Pomelo or grapefruit?

Pomelo is the right term for the fruit we find on our market stalls and that we often enjoy on a daily basis. Pomelos come from breeding grapefruit with a Chinese orange, and pomelos can be yellow, pink or red. Grapefruit, which originated in Thailand, is green in colour and its shape is reminiscent of a pear. Let’s take a closer look at the pomelo, which is rich in vitamin C and in antioxidants. Pomelos are harvested between December and April; their taste and juiciness depend on the state of ripeness. One characteristic of the pomelo is the bitterness which appears mid-palate and persists on the finish. With this type of fruit, our work on food and wine pairings essentially looks for contrast, where the wine manages the bitterness but does not mask it. The wine has to accompany the citrus and work with both the expression of the fruit and with the retro-olfaction of the fruit’s flavours.

Choosing the year

Lenôtre prepares a dessert made with two pomelos, yellow and pink. This dessert is a pie made of sweet shortcrust pastry with a layer of almond cream topped with sections of the two types of pomelos. To go with the beautiful bitters of the fruit, I propose serving a Late Harvest Gewurztraminer or a selection of Noble Grapes.

The spiciness and splendid bitters in the 2006 Furstentum work beautifully with pomelo.

Here, the real trick is in the choice of the age of the wine. You need to choose a wine that has aged for a few years in order to tame its generous aromatics and its suave nature. My choice goes to the 2006 Furstentum Gewurztraminer grand cru selection of grains nobles from the Domaine Weinbach. Its spiciness, its gorgeous bitters on the finish come with age and work well with pomelo. The sweetness of the wine contrasts with the bitterness of the pomelo. Another alternative from outside of France also goes well with this two-pomelo tart. I recommend staying with the same varietal but in an Italian version, from the Trentino-Alto-Adige region of Italy. Tenuta Joseph Hofstätter produces a spätlese or Late Harvest Gewurztraminer with grapes from different vineyards around Tramin.
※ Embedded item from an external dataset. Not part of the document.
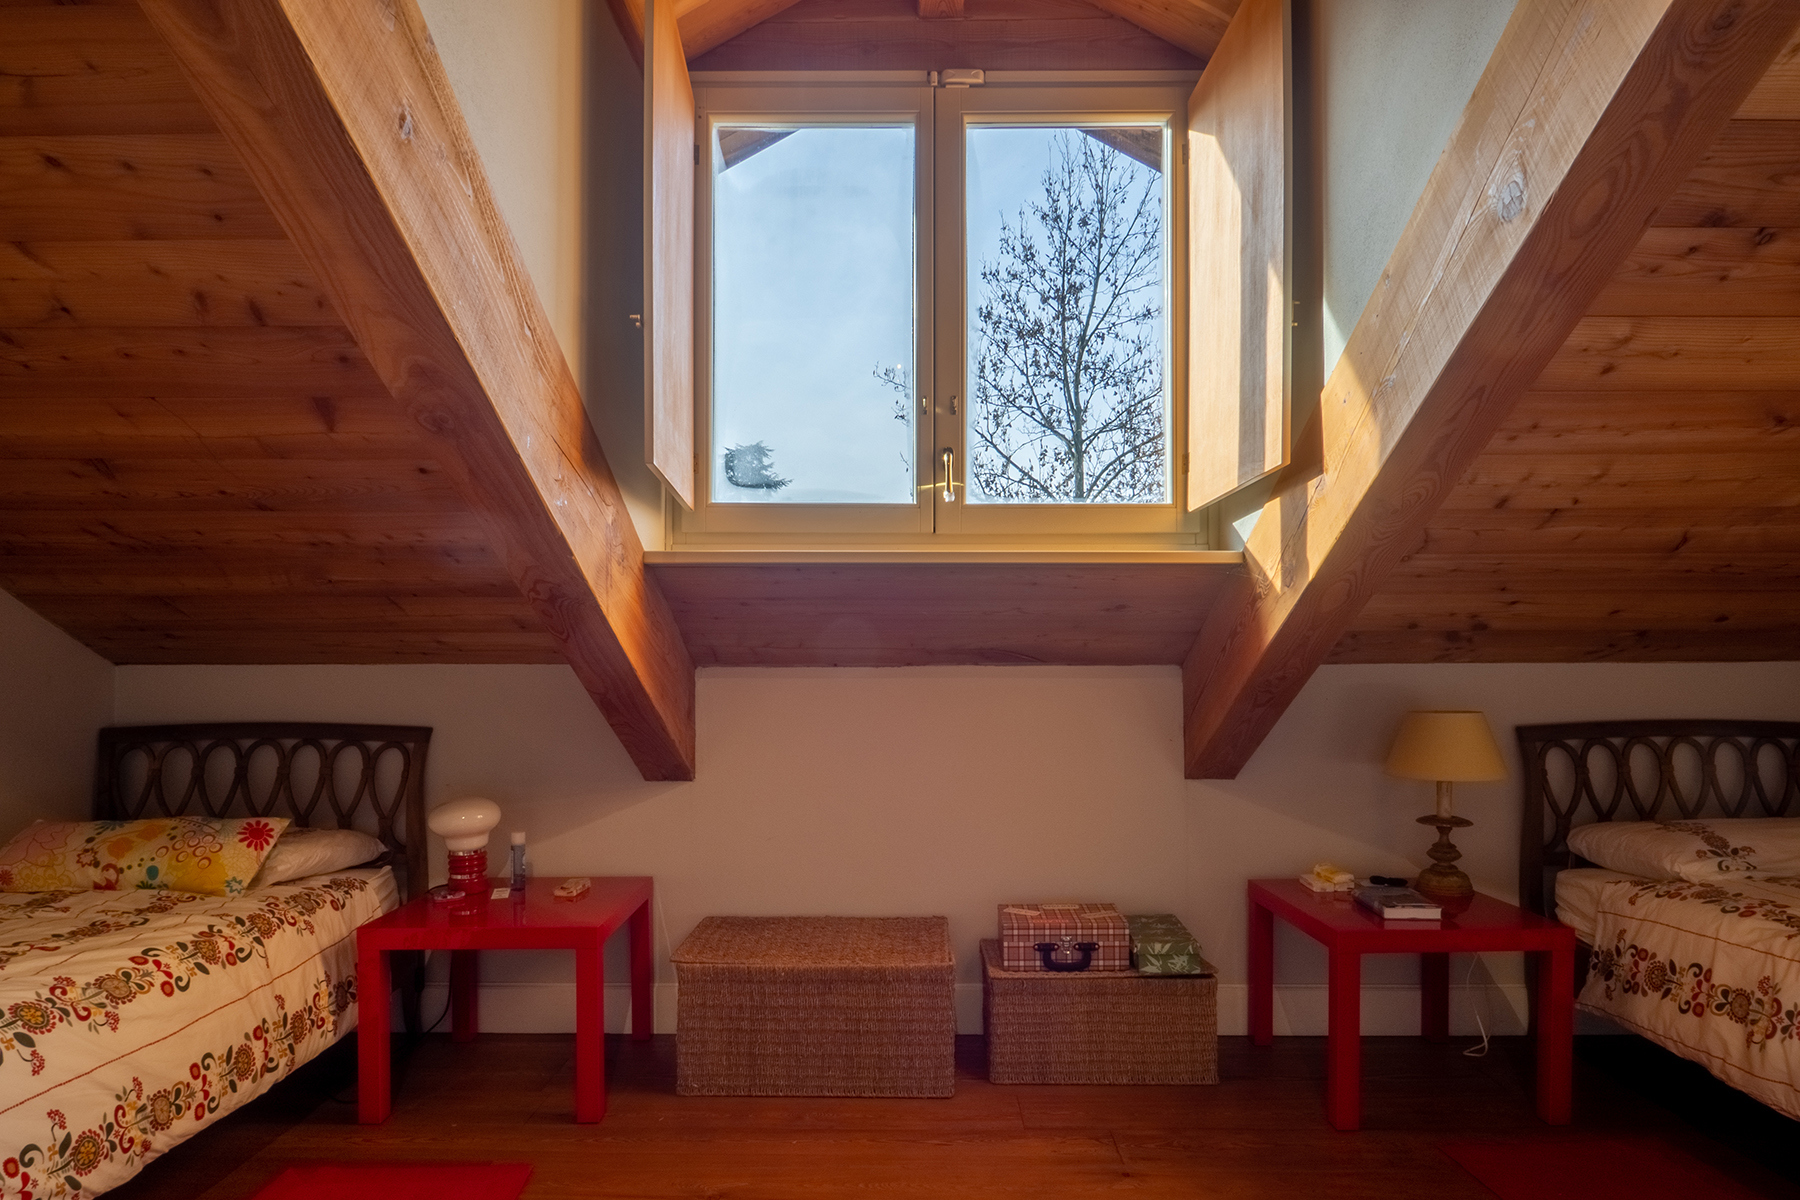 Casa indipendente in Vendita a Torino: 5 locali, 657 mq - Foto 29

The 2012 vintage has fermented on wood and in steel, and is the perfect definition of the grape with just right tone, avoiding any outlandish exuberance.

And why not sparkling?

Bruno Doucet, chef at La Régalade in Paris prepares his very own carpaccio of pomelo, candied ginger and hazelnuts from the Piedmont area of Italy which goes marvelously with the 2015 Moscato d’Asti from the Italian estate GD Vajra. This great winemaker, known for his Barolos, makes this wine just the right side of sweetness, with beautifully delicate effervescence. It is produced using the Charmat method, also known as cuve close or tank method, which transforms a still wine into a sparkling wine. His 2015 Moscato d’Asti comes in at just 4.5° alcohol. Sheer bliss!

La Revue du Vin de France, février 2016.